The pathway to get there has winners and losers. Guys like Phi that probably would have preferred to settle down sooner (though a lot of the resentful had a… different set of priorities). I get the sense that a lot of the resentment I see is directed at women who take advantage of their increased leverage in their early to mid-twenties only to shut down the game and get married right when that leverage is gone. It’s an interesting narrative, and compelling from the guy’s point of view, but it doesn’t fully account for the ways that sex is logistically and socially (and perhaps emotionally) different. It seems a bit like looking back at my time with Evangeline and saying “See? He got all that excitement before finally settling down with a doctor!” There’s not a false word in there, but the narrative doesn’t actually capture the story. In my experience, my Story of Wasted Time is not all that different than women’s Story of Wasted Time. I can’t say that I’m entirely sorry for having gone through it, but its ignoble conclusion was not a tribute to lost leverage and a matter of settling.

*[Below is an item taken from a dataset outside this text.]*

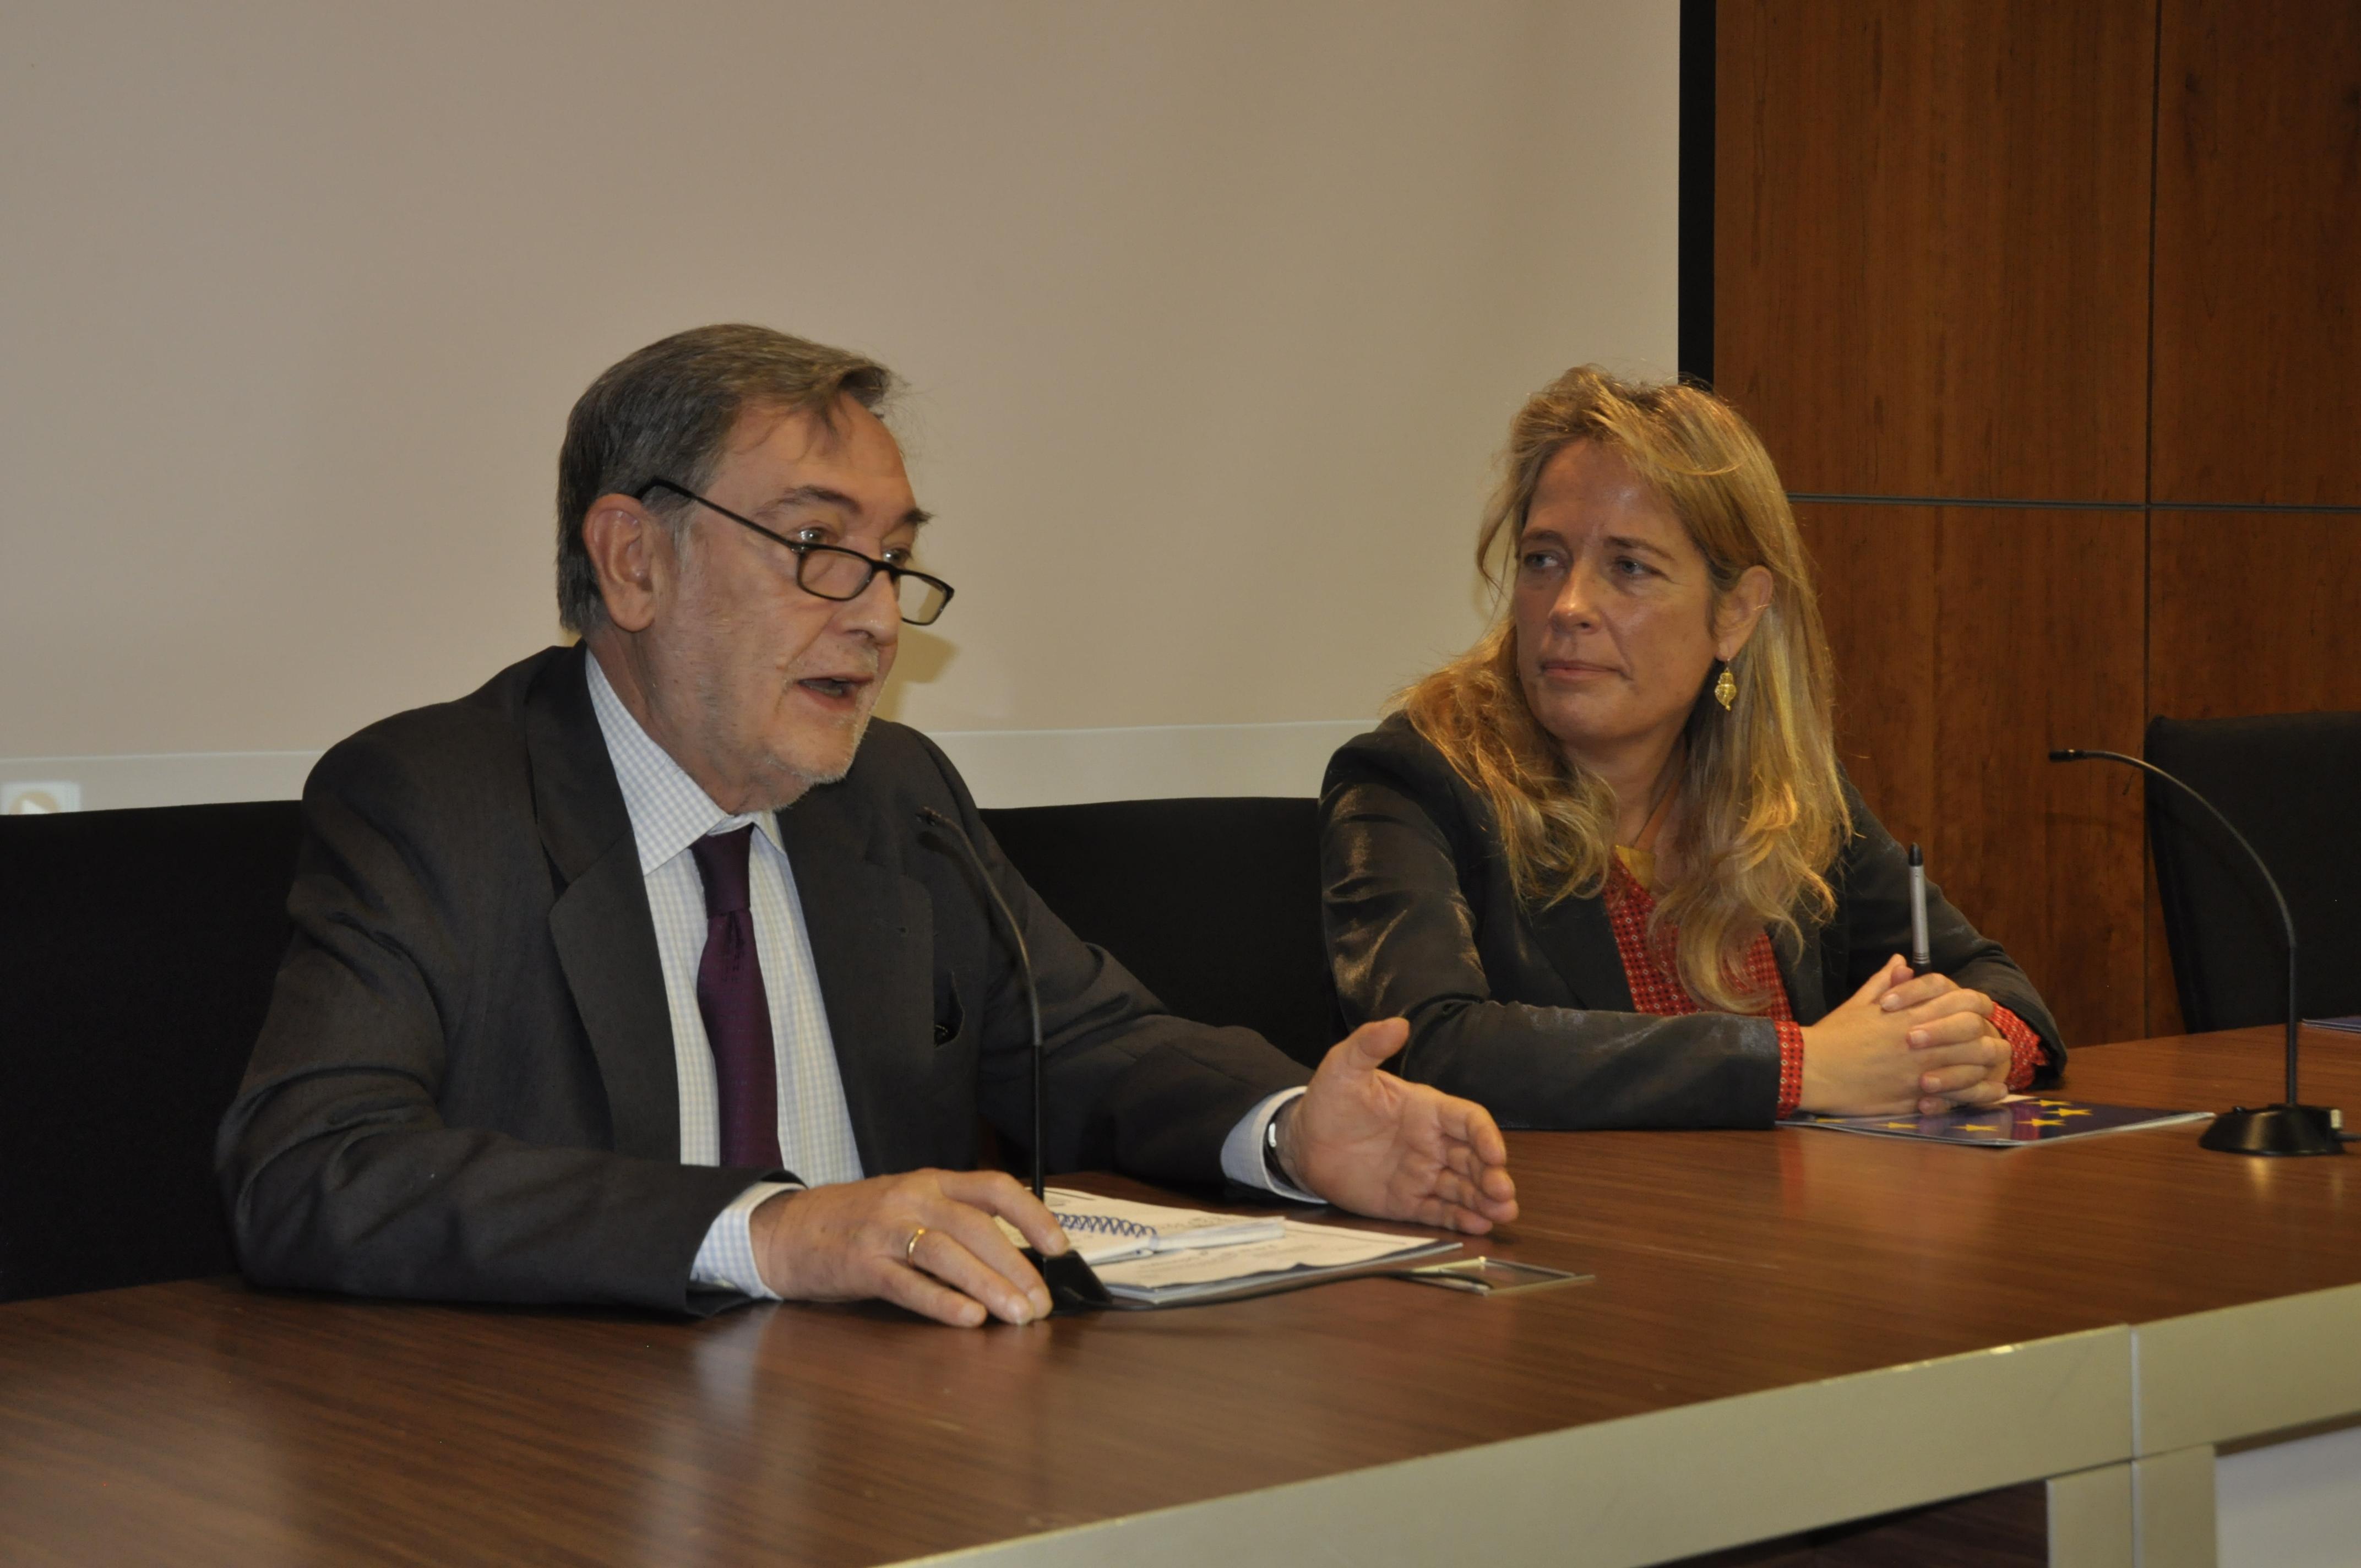 La decana de la Facultad de Ciencias Sociales y de Comunicación, Rocío Albert junto a Eugenio Nasarre

All of which points to the downside of the new paradigm. Or the many downsides, plural. Doubtless, the answer for many is for women to gear their sexual activity towards the range of guys they are likely to marry (or as Phi would likely have it, not engage in sex at all until marriage). While I’d disagree with the parenthetical, I think there is something towards that so long as we include guys in the criticism. It would be a better world had my count were half of what it is, limited only to forward-minded encounters or special circumstances. It also would have been a better world where I hadn’t felt the pressure to be and remain sexually active to the extent that I did, and a better world where young women weren’t under similar pressure (from the same source, though a different direction). It’s not really the world we live in, though, and there is a lot of blame to go around for that and only a minority portion, if that, towards the sexual decisions of women.
 I’m not entirely conceding that this is the case. Sometimes it is. Particularly for those guys who want sex at more regular intervals. For my part, most of my relatively small selection of partners were roughly in range of my place in the pecking order. It is the case, though, that if I were to want to have sex as available to me as it would be to my female counterpart, I’d have had to sacrifice my standards a great deal more than I did. And that itself probably wouldn’t have been enough. I’d probably have had to pay for it.
 I don’t know if that’s true, but we don’t hear otherwise, which suggests that he has at least kept it to a minimum. I suspect that if he were promiscuous, that is something the media would find very interesting in a way that they don’t find interesting for other athletes. Ditto for Green, who was very vocal about his virginity and scores of women did not step forward.
 Women get pregnant while men do not. STD transmission is more likely from male to female than the reverse. Women face greater social scrutiny for prolific sexual behavior. Women are put in a position to be raped in ways that men are not, generally. There are ways in which they do have advantages, such as statutory rape when they are young and a greater degree of control over reproduction, but they simply don’t stack up nearly as high, in my view.
 There’s a bit of a paradox involved. If I hadn’t gone through it, I wouldn’t be a person who could be sorry for going through it.